“When it comes to Constitutional rights, what matters is what the Bill of Rights says. It doesn’t matter what might be popular at the moment,” said presidential hopeful Sen. Ted Cruz about voting against an expanded background check measure in April 2013.
Cruz discussed his decision with Guns.com at the 2015 National Rifle Association’s annual convention in Nashville this past weekend, shortly after the Texas congressman spoke at a crowded convention center about gun rights.
The legislation, often referred to as the Manchin-Toomey bill — introduced by Democratic Sen. Joe Manchin and Republican Sen. Pat Toomey — aimed to expand background checks to include gun sales performed online, at gun shows, and between strangers.
The senators drafted the bill in the wake of the shooting at Sandy Hook Elementary School in December 2012, where 20 first-graders and six educators were murdered in cold blood by a deranged gunman.

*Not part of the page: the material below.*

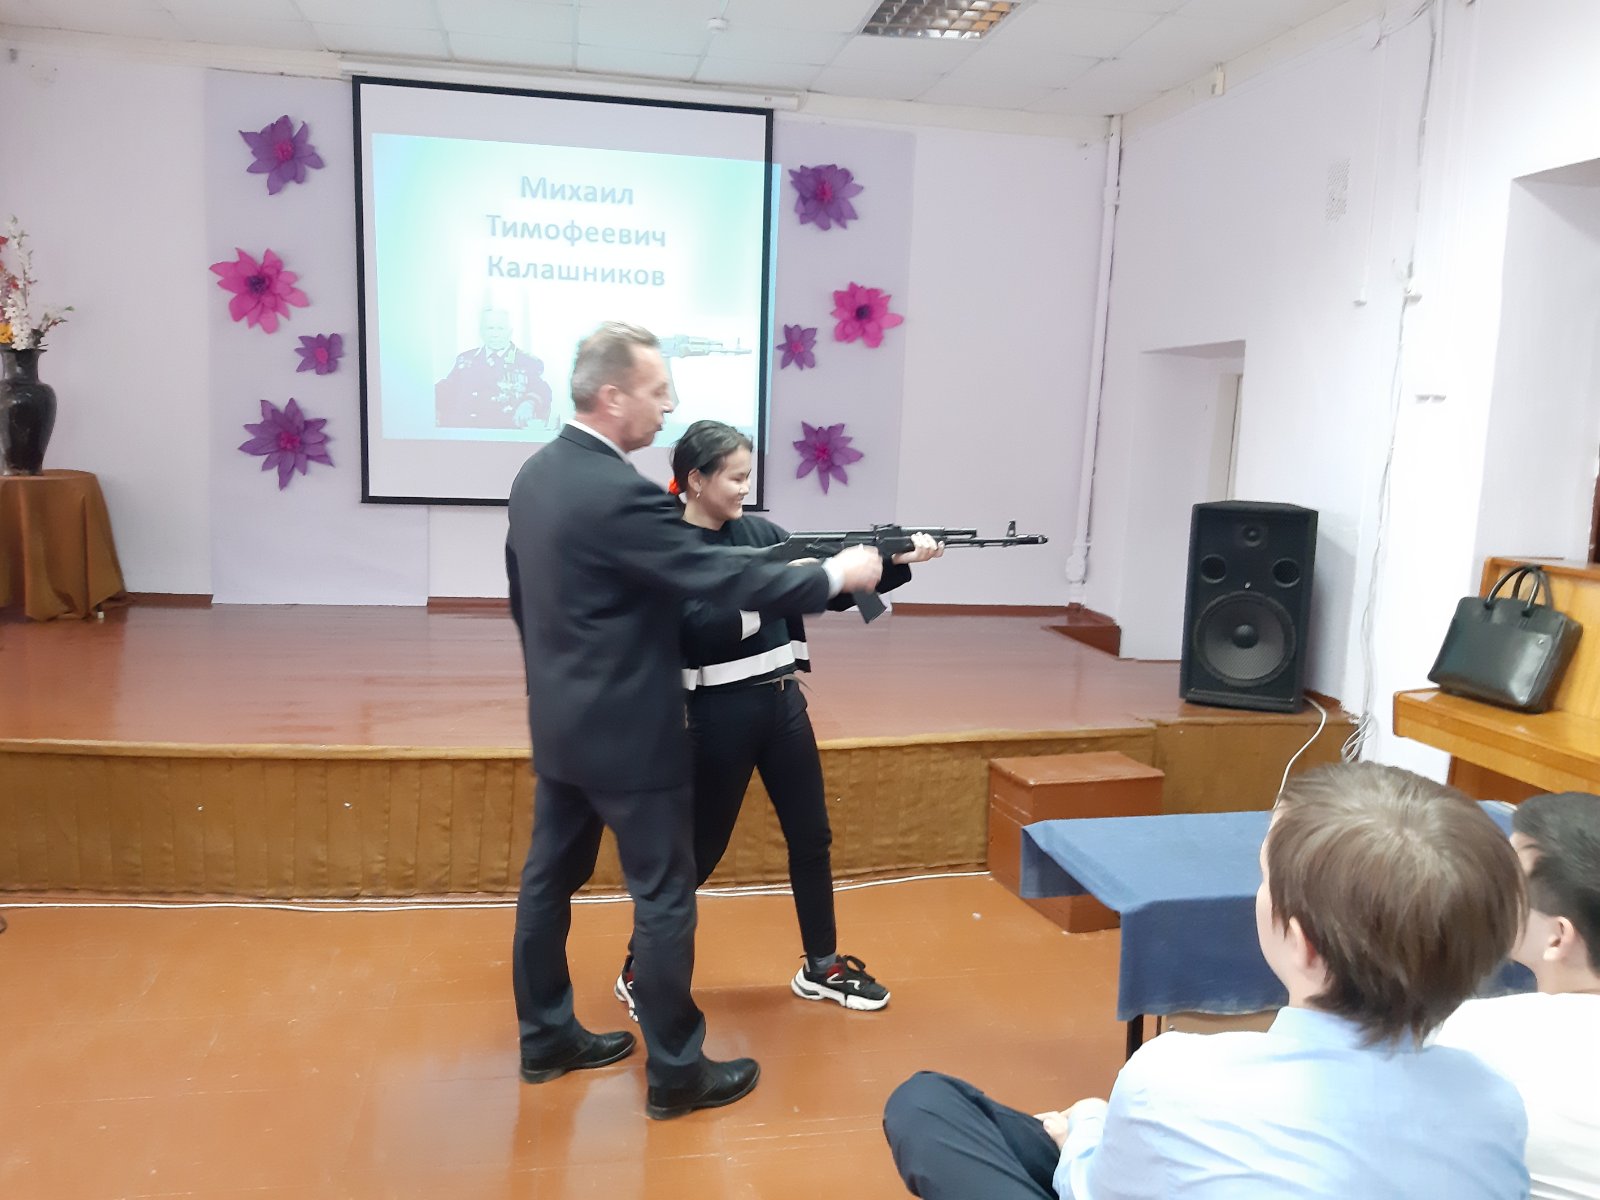 Novosti_2019_/Kalashnikov/izobrazhenie_viber_2019-11-18_13-19-15.jpg

Within the coming month surveys by the Washington Post-ABC News, CNN/Opinion Research Corp., Quinnipiac University, and CBS News found roughly 90 percent of the respondents saying they support background checks for all gun sales.
Despite public support and a majority vote in the senate, the bill failed to get enough votes to avert a filibuster in April 2013. The then up-and-coming Tea Party star had been a vocal critic of the bill and other gun control measures that were up for debate.
“We’ve seen regimes across the face of the earth come and take away people’s guns, strip away their rights to defend themselves and sometimes it’s been very popular. And yet it is an inevitable prelude to tyranny,” he said.
“The Second Amendment is there so you and I could protect our homes, our families, and our children and our lives. And it’s also there as a fundamental check on government tyranny and that ultimately is not subject to public opinion polls, it’s subject to the express protections of the Bill of Rights of the Constitution,” he explained.